The good news is that the transition didn’t require changes to the client. Kundu said that was key to the success of Evernote’s migration, because not all of the service’s users upgrade their software in a timely manner.

Evernote’s engagement with Google engineers was a pleasant surprise to McCormack. The team was available 24/7 to handle Evernote’s concerns remotely, and Google also sent a team of its engineers over to Evernote’s facilities to help with the migration.

Those Google employees were around to help troubleshoot any technical challenges Evernote was having with the move. That sort of engineer-to-engineer engagement is something Google says is a big part of its approach to service.

For one particularly important part of the migration, Google’s engineers came on a Sunday, bearing doughnuts for all in attendance. More than that, however, McCormack said that he was impressed with the engineers’ collaborative spirit.

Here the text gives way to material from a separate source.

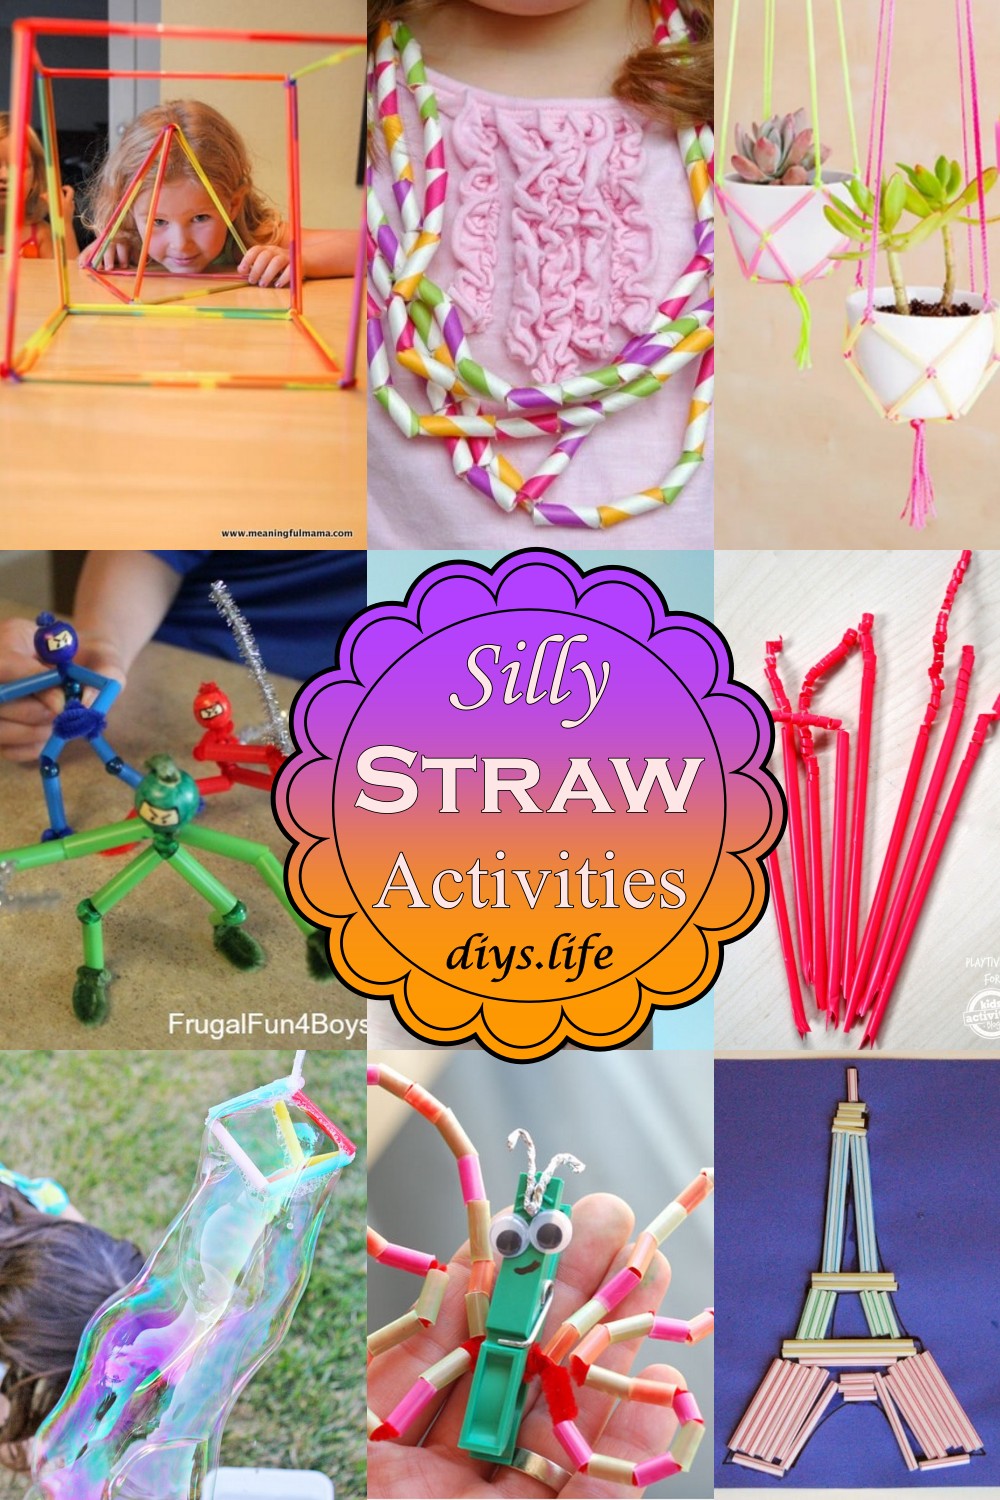 Silly Straw Activities

“We had times when…we had written code to interface with Google Cloud Storage, we had [Google] engineers who were peer-reviewing that code, giving feedback and it genuinely felt like a partnership, which you very rarely see,” McCormack said. “Google wanted to see us be successful, and were willing to help across the boundaries to help us get there.”

In the end, it took roughly 70 days for the whole migration to take place from the signing of the contract to its final completion. The main part of the migration took place over a course of roughly 10 days in December, according to McCormack.

Lessons learned

If there was one thing Kundu and McCormack were crystal clear about, it’s that even the best-laid plans require a team that’s willing to adapt on the fly to a new environment. Evernote’s migration was a process of taking certain steps, evaluating what happened, and modifying the company’s approach in response to the situation they were presented with, even after doing extensive testing and simulation.

Furthermore, they also pointed out that work on a migration doesn’t stop once all the bytes are loaded into the cloud. Even with extensive testing, the Evernote team encountered new constraints working in Google’s environment once it was being used in production and bombarded with activity from live Evernote users.

For example, Google uses live migration techniques to move virtual machines from one host to another in order to apply patches and work around hardware issues. While that happens incredibly quickly, the Evernote service under full load had some problem with it, which required (and still requires) optimization.